Timoma e Miastenia Gravis: A Associação Paraneoplásica Clássica

Santa Casa de Alfenas - Casa de Caridade (MG) — Prova 2025

Enunciado

Os timomas medistinais são mais comumente associado a:

Alternativas

  1. A) Anemia aplasica.
  2. B) Agamaglobolinemia.
  3. C) Síndrome cushing.
  4. D) Miastenia gravis.

Pérola Clínica

Timoma, o tumor mais comum do mediastino anterior, tem como principal e mais clássica associação paraneoplásica a Miastenia Gravis.

Resumo-Chave

A associação mais frequente e clinicamente importante com o timoma é a miastenia gravis, uma doença autoimune da junção neuromuscular. A presença de um tumor mediastinal anterior em um paciente com fraqueza muscular flutuante é altamente sugestiva dessa associação.

Contexto Educacional

Os timomas são neoplasias originadas das células epiteliais do timo, sendo os tumores primários mais comuns do mediastino anterior em adultos. Eles são notórios por sua forte associação com uma variedade de síndromes paraneoplásicas, que são distúrbios causados pela resposta imune do corpo ao tumor, e não por efeitos diretos de massa ou metástases. A síndrome paraneoplásica mais comum e classicamente associada ao timoma é a miastenia gravis (MG). A MG é uma doença autoimune caracterizada pela produção de anticorpos (principalmente contra o receptor de acetilcolina) que bloqueiam e destroem os receptores na junção neuromuscular, resultando em fraqueza muscular flutuante. Cerca de 30 a 50% dos pacientes com timoma desenvolvem miastenia gravis, e, inversamente, cerca de 10 a 15% dos pacientes com MG têm um timoma subjacente. Devido a essa forte associação, a investigação com tomografia computadorizada ou ressonância magnética de tórax é mandatória em todos os pacientes recém-diagnosticados com miastenia gravis. O tratamento do timoma geralmente envolve a ressecção cirúrgica completa (timectomia), que além de tratar a neoplasia, pode melhorar significativamente ou até mesmo levar à remissão dos sintomas da miastenia gravis. Outras associações paraneoplásicas, como anemia aplásica (aplasia pura de série vermelha) e hipogamaglobulinemia (Síndrome de Good), são bem descritas, mas muito menos frequentes.

Perguntas Frequentes

Quais são os sintomas da miastenia gravis que devem levantar suspeita?

Os sintomas clássicos são fraqueza muscular flutuante que piora com o esforço e melhora com o repouso. Os mais comuns incluem ptose palpebral, diplopia (visão dupla), dificuldade para mastigar ou engolir (disfagia), disartria e fraqueza nos membros.

Qual o tratamento para um paciente com miastenia gravis e timoma?

O tratamento padrão é a timectomia, a remoção cirúrgica completa do timo e do timoma.
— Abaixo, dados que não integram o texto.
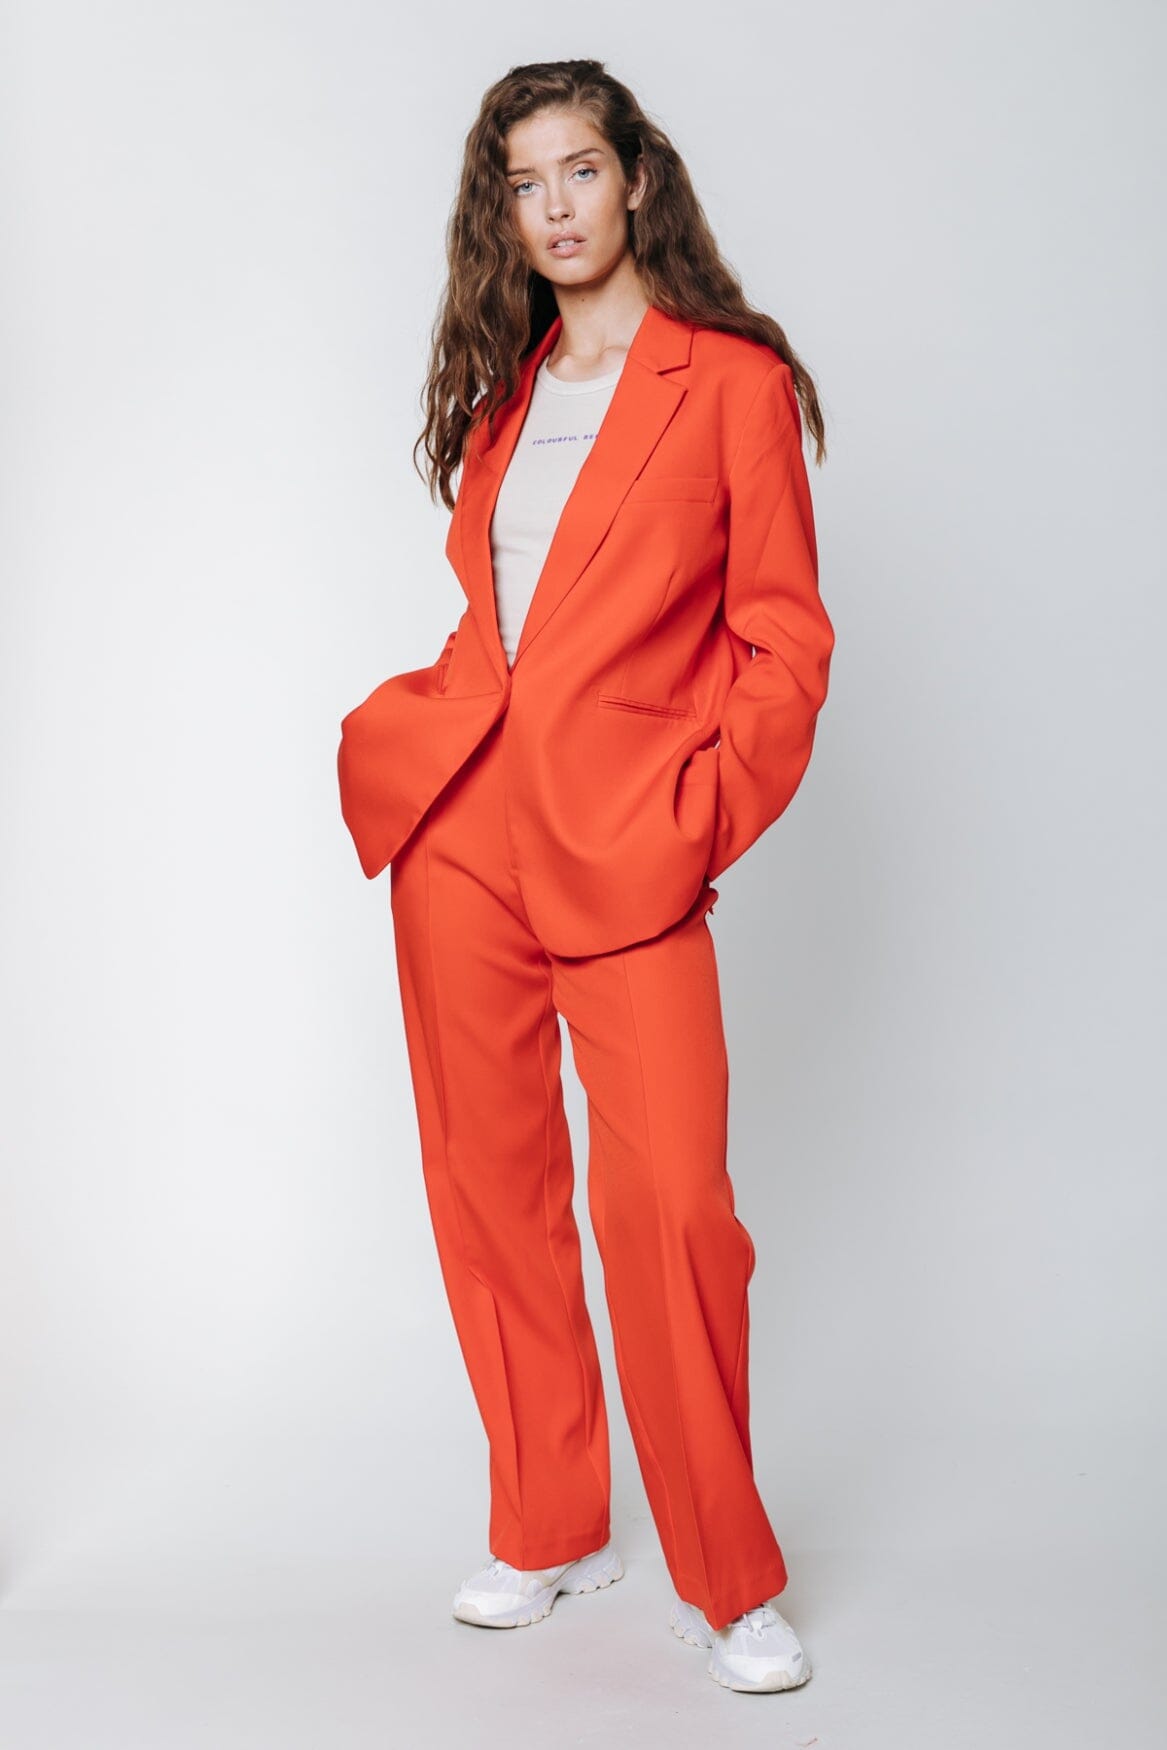 Colourful Rebel Mimmi Blazer | Bright orange

Este procedimento é tanto terapêutico para o tumor quanto para a miastenia gravis, podendo levar à melhora dos sintomas e até à remissão da doença autoimune, associado ao tratamento clínico com anticolinesterásicos e imunossupressores.
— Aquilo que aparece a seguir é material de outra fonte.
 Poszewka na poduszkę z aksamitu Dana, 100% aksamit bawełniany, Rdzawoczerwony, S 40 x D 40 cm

Quais outras síndromes paraneoplásicas podem estar associadas ao timoma?

Embora a miastenia gravis seja a mais comum (presente em 30-50% dos casos), outras síndromes podem ocorrer, como a aplasia pura de série vermelha (anemia), hipogamaglobulinemia (Síndrome de Good) e outras doenças autoimunes como lúpus eritematoso sistêmico e polimiosite.